I feel like science and mathematics (and even computer science) attempts to
counter this.

If we can mechanically generate mathematical proofs, and those proofs can be
proven equivalent to one another, then we have essentially simplified the
abstraction mechanics of the individual brain and transferred them to a
computer.

I view abstraction as a means for expanding all potential permutations of a
given model and it's application, and then a reduction to a different set of
terms that connects models.

We might be able to prove that we can agree with one another, but we might not
be able to prove that we agree with our own selves. We can always make the
problem more difficult individually by guessing and creating more questions.

To me the process is two sides of the same coin. One side is creation, the
other side is destruction. You can't convey an idea without having an idea,
and you can't question that idea without having another idea. Negation is
still a logical mechanism. You can question whether there is more to think
about than a choice between [(exist) or (does not exist)].

I really prefer to think about possibility and potential. It's an open space
to me.

------
kinleyd
I knew a guy who mumbled so much you could never understand him.

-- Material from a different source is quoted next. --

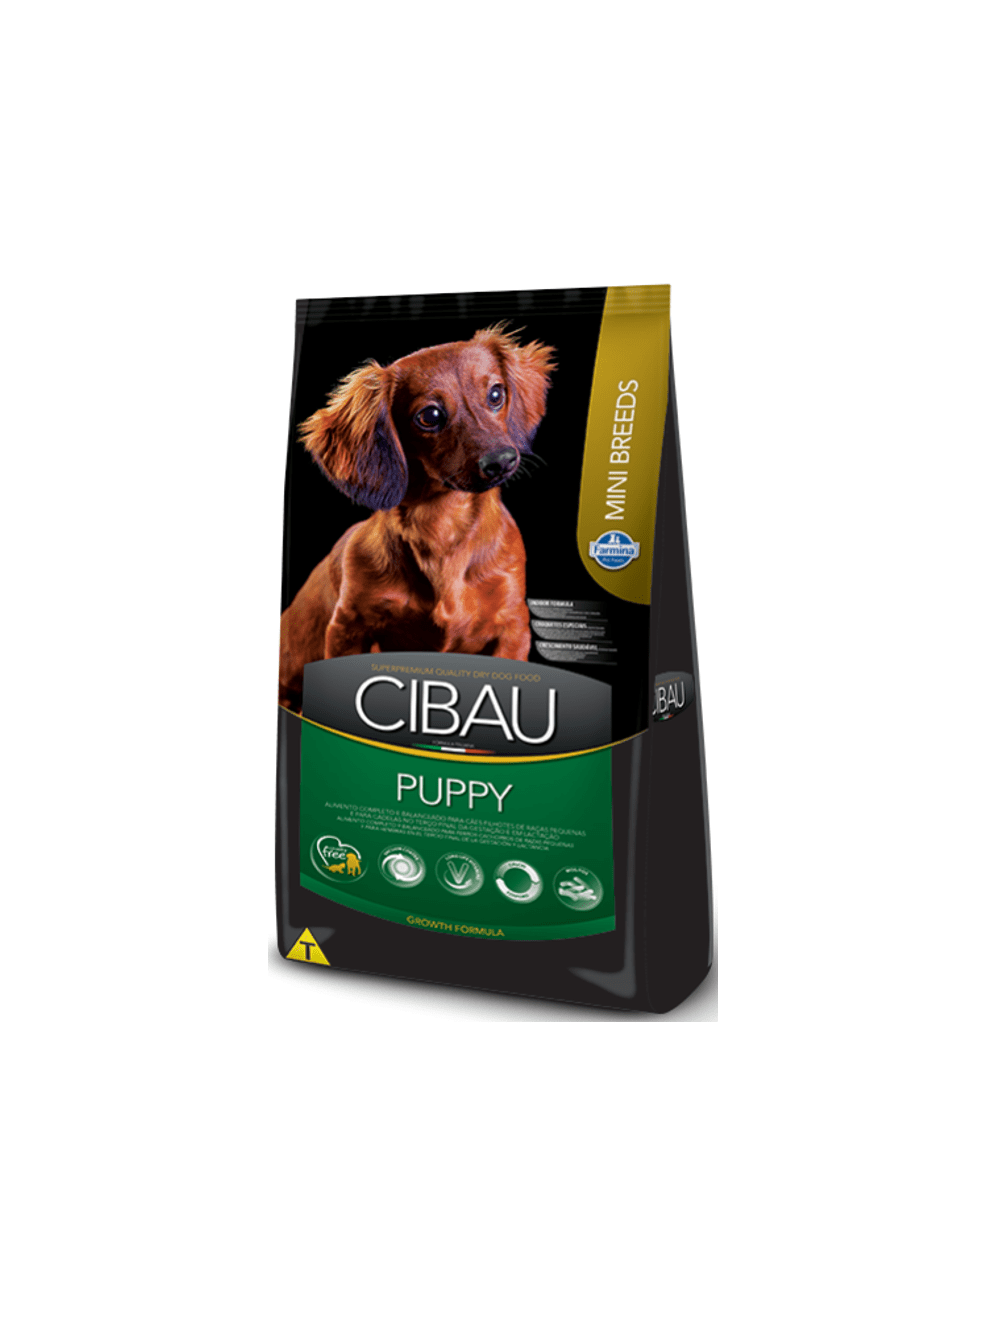 Cibau Puppy Mini Breed 1KG - Ciudaddemascotas.com

It was really
irritating, but also the secret of his success. His job was to liaison with a
number of governmental/bureaucratic organisations - involving customs
clearance and things like that - and he was incredibly successful. No one
knows for sure how exactly he managed it, but a leading school of thought was
convinced that it was his mumbling. The bureaucrats just gave him whatever the
hell he wanted as quickly as possible so that they could get him out of their
offices asap.

------
zw123456
When I was growing up, I had a cousin named Eddie, and he was a "lazy talker"
or at least, as I recall, that was the name they had for his speaking style.
Eddie would not mumble, he would just not say the whole word. For example (and
it is hard to convey here in the written word) he might say "Hi, my name is
Eddie and I am a lazy talker" but it would come out "H, m na Edeh, an I lah
tak". Again, not capturing it here, but it was not mumbling. I have met other
lazy talkers, and they are not mumbling. I think the article was maybe
referring to lazy talkers and not mumblers. Mumbling to me denotes an actual
corruption of the words, lazy talking is just not saying the whole word
completely, which is more like lossy compression while mumbling to me, means a
bad Signal to noise ratio, low volume and garbled words.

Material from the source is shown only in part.